Dr Guillermo Umpierrez, the director of Emory Latino Diabetes Education Program, told Medscape Medical News: "There's no question that [in general] the Latino population is poorly educated and has significant language barriers and that most of the first generation have very low incomes, [but] if you educate them and provide enough support, they do fairly well — like everybody else. "
Ability to Buy Healthy Foods
According to the United States Department of Agriculture, "food insecurity" is defined as "limited or uncertain availability of nutritionally adequate and safe foods or limited or uncertain ability to acquire acceptable foods in socially acceptable ways." Diabetes is 2.5 times more prevalent in households where people feel that they cannot afford to buy healthy foods, Ms Rotberg reported.
The researchers investigated the relationship between food insecurity and glycemic control in 304 patients who participated in the Emory Latino Diabetes Education Program. Three-quarters of the patients had a yearly household income below $15,000, and 66% had no health insurance.
The patients replied to questions about food insecurity and a question about vegetable consumption at the main meal of the day (full plate of vegetables, half plate, third plate, quarter plate, or none).

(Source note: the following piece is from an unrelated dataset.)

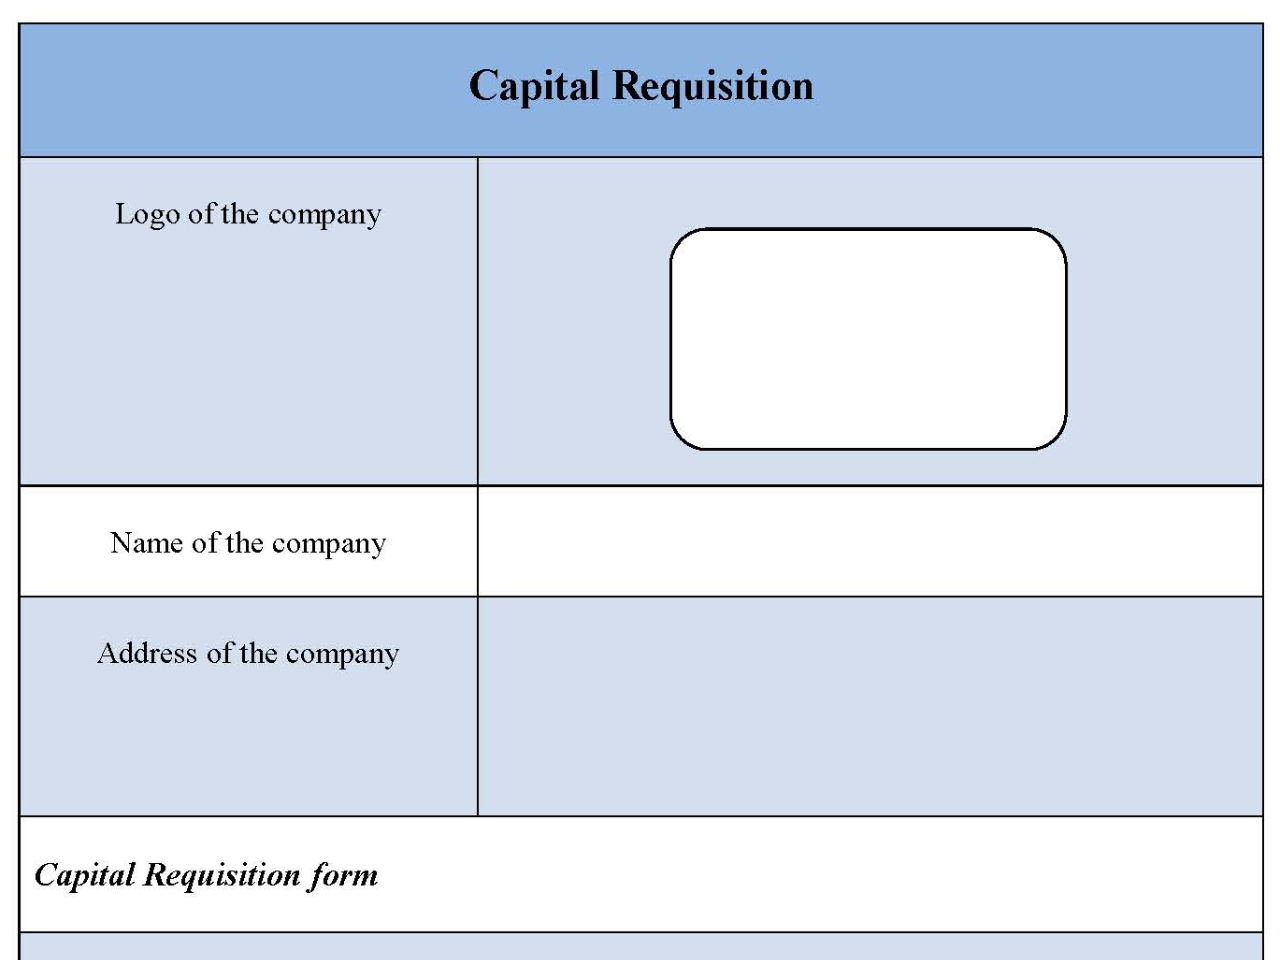 Capital Requisition Form

The questionnaire revealed that more than half — 167 patients (55%) — had food insecurity.
Furthermore, 62% of patients who reported eating more than a third of a plate of vegetables at their main meal had no food insecurity, but only 38% of patients with food insecurity reported this level of vegetable consumption.
Interestingly, patients with or without food insecurity were similarly obese, with a mean body mass index (BMI) of 31.7 kg/m2 and 31.2 kg/m2, respectively, "suggesting that both groups may consume comparable calories, with a difference in nutrient density," the researchers report.
This study did not identify what the patients were eating instead of vegetables, but from observation, it is likely to be "more fast food, a lot of high-carbohydrate food such as beans, rice, and tortillas — especially in Georgia," the fast-food capital of the United States, Ms Rotberg said.
Latino patients have a 1.8 times higher rate of obesity than the general population, and those with unsure or limited income or limited education may choose to eat more high-calories foods associated with poor glycemic control, a high rate of obesity, and potential worse long-term cardiovascular outcomes, according to Dr Umpierrez.
It is difficult to tease out the true lack of access to healthy food from a perception of lack of access to this food, he agreed. For example, when the diabetes educators gave participants a $10 gift card along with a list of recommended foods and then accompanied them on a shopping trip, the patients learned about buying frozen vegetables and purchasing fresh vegetables on sale and "that their money can go way further than they thought," Ms Rotberg said.
The diabetes education program, which included information aimed at overcoming food insecurity, was successful: 234 of the 304 participants in this study lowered their baseline HbA1c levels from 8.8% to 7.7% at 3 months.
Thus, "if you can, through education, overcome the psychological barrier [of food insecurity], you can teach [these patients] that it's not as hard" to eat healthily on a tight budget as they may think, Dr Umpierrez said.
"Exploring avenues to assist food-insecure patients in obtaining nutritionally adequate food may improve the overall health of Latinos with diabetes," the group concludes.
The study was supported by Sanofi. Ms Rotberg and Dr Umpierrez report research support from Sanofi. Disclosures for the coauthors are listed in the abstract.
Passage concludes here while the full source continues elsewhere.